Before the facility shuttered seven years ago, it was a juvenile justice center for girls ages 11 to 17. Now, it will be used to house 25 16- and 17-year-old girls who commit misdemeanor and felony crimes. A 12-foot-tall fence topped with razor wire surrounds the center, which will have nearly 100 employees. 

Karen Hill, president and CEO of the Harriet Tubman Home in Auburn, said her organization wasn't consulted on the naming of the facility. However, she urged the state and other entities that use Tubman's name to consider the abolitionist's core values: faith, freedom, family, community, self-determination, justice and equality. 

"I would hope those values would be embodied in whomever, in the public space, would want to use her name," Hill said. 

Copes Johnson is encouraged about the reuse of the facility after it was closed for seven years. The town of Sennett considered using it for a community center and park. Victory Sports Medicine in Skaneateles proposed acquiring the property and transforming it into an athletic complex. 

Neither of those plans came to fruition.
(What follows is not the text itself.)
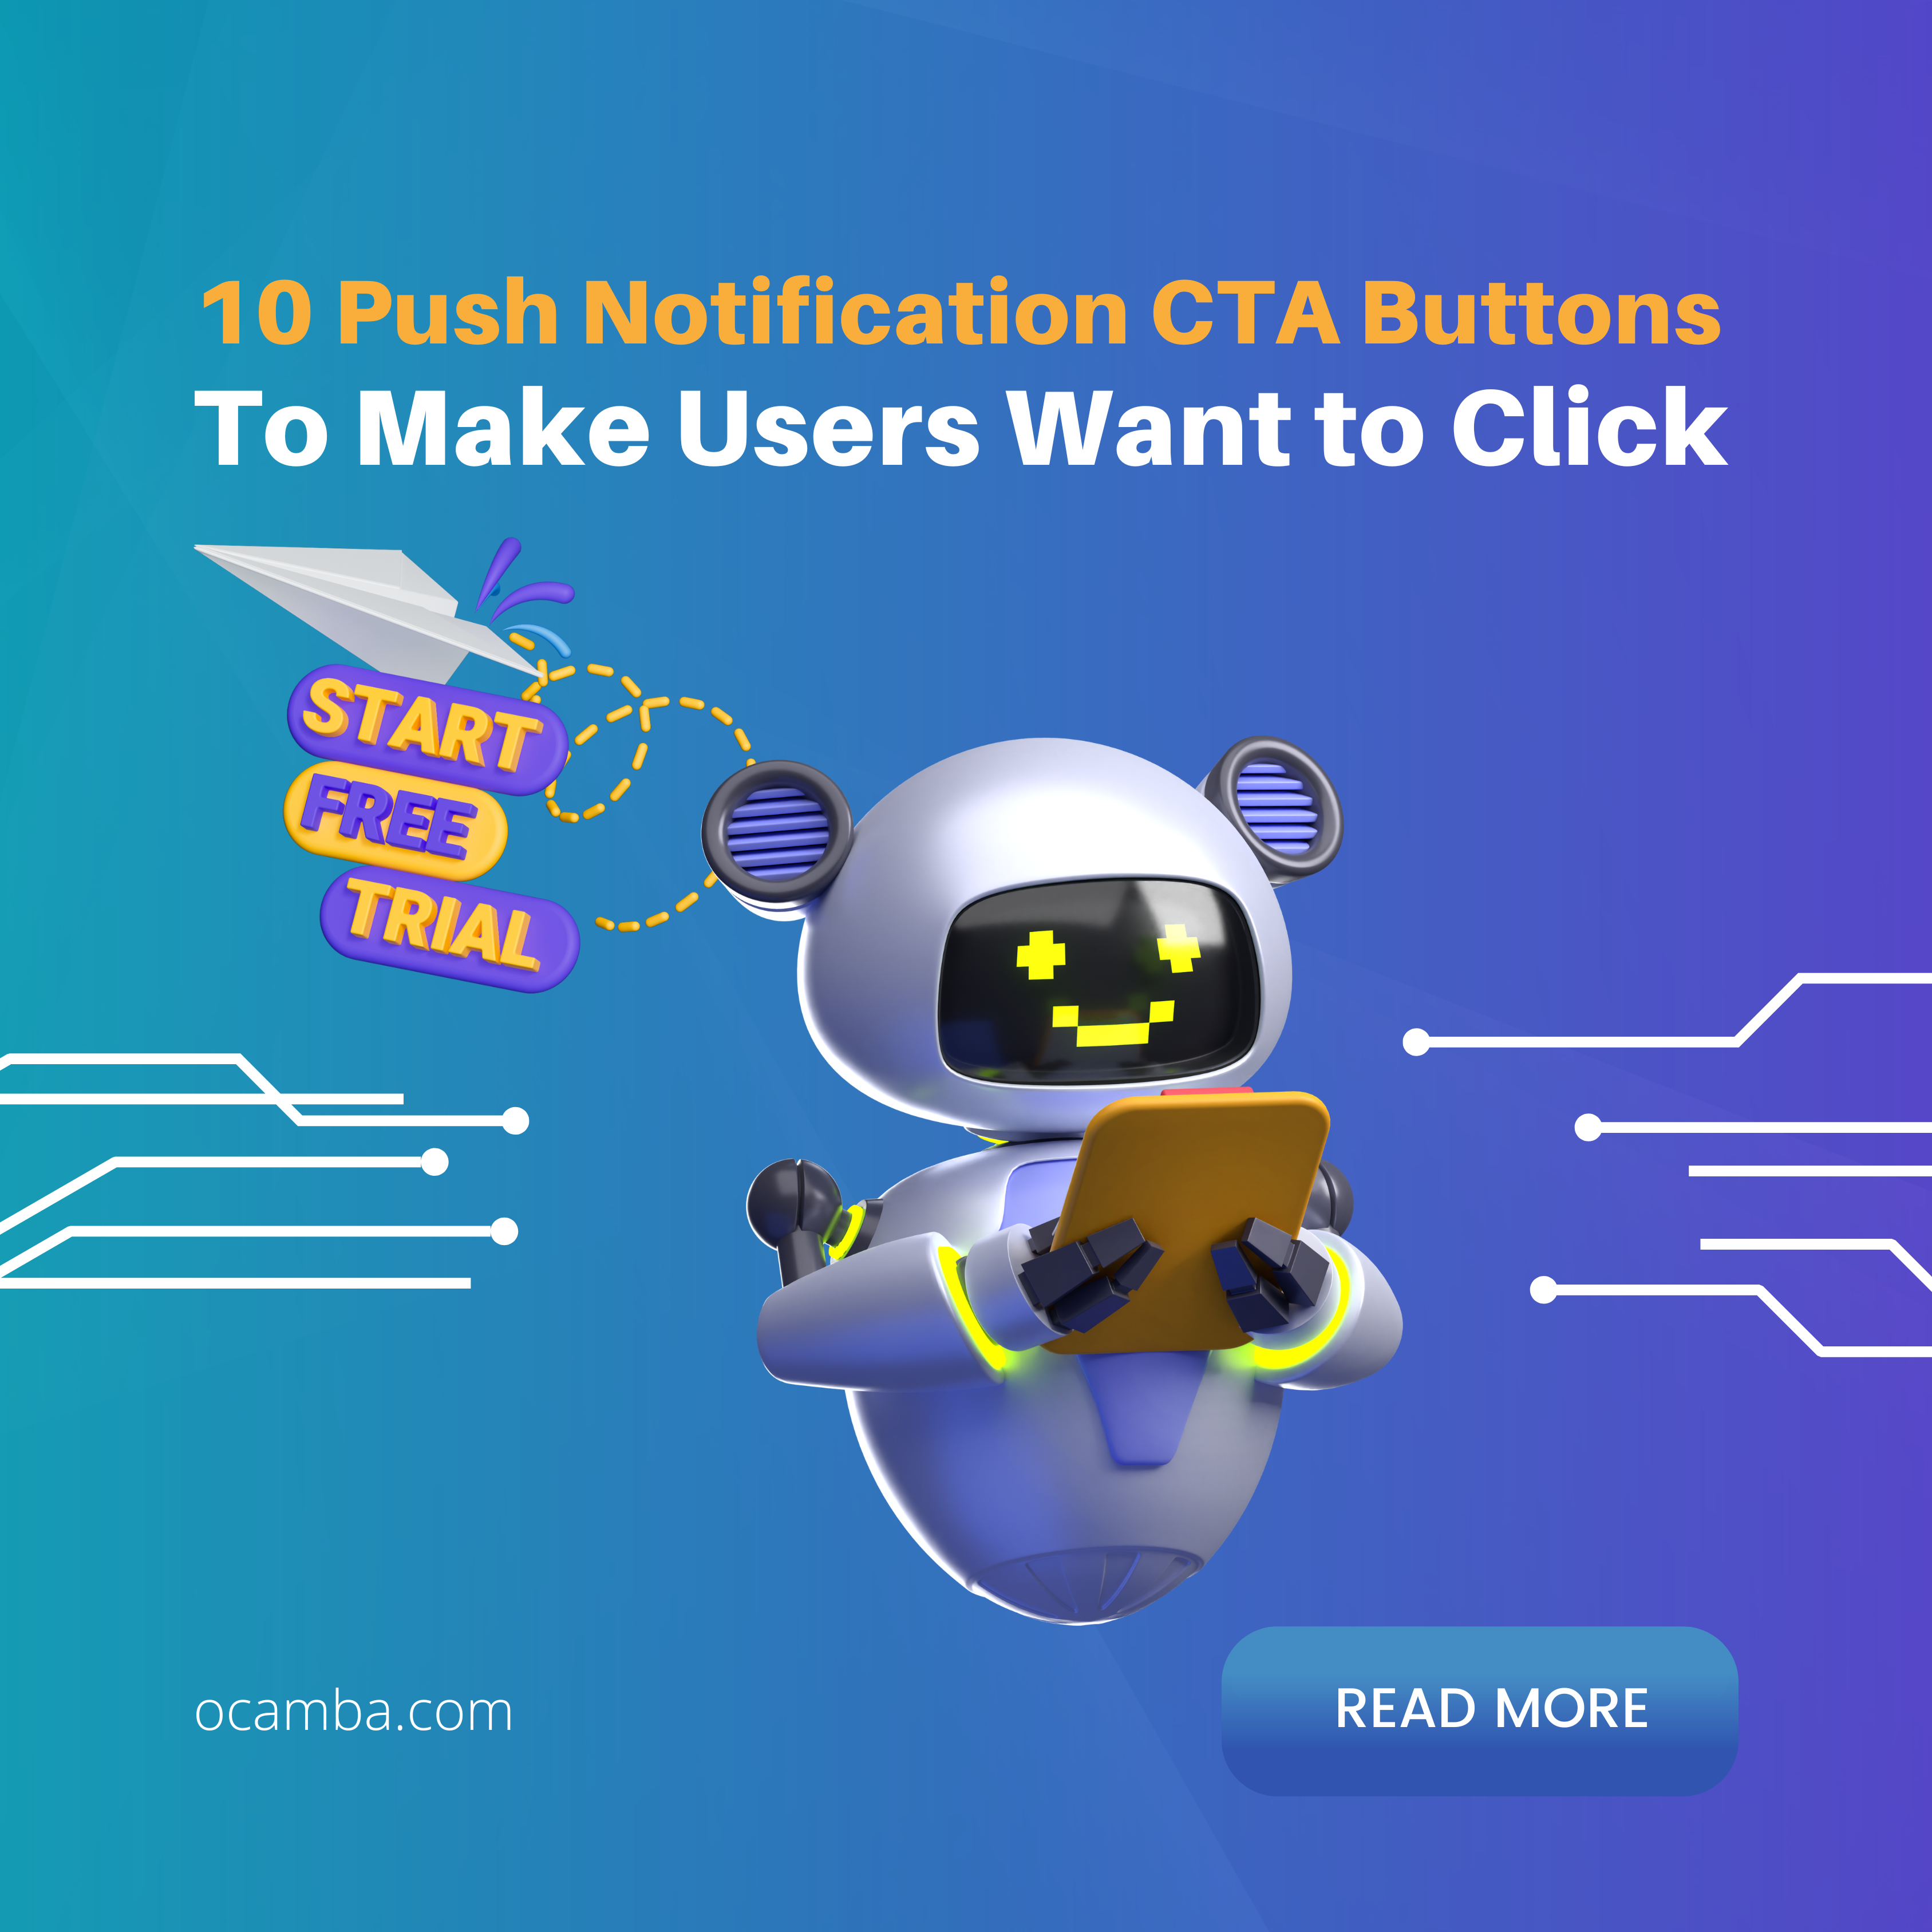  10 Push Notification CTA Buttons To Make Users Want to Click

And then last year, the state announced it would reopen the Sennett facility once the Raise the Age law took effect. 

Copes Johnson said she supports Raise the Age, which aims to rehabilitate young offenders and remove them from adult facilities. 

"I'm for them putting the young people at (the Harriet Tubman Residential Center) and not put them in jail or prison with the hardened criminals," she continued. "I think it's a very nice gesture."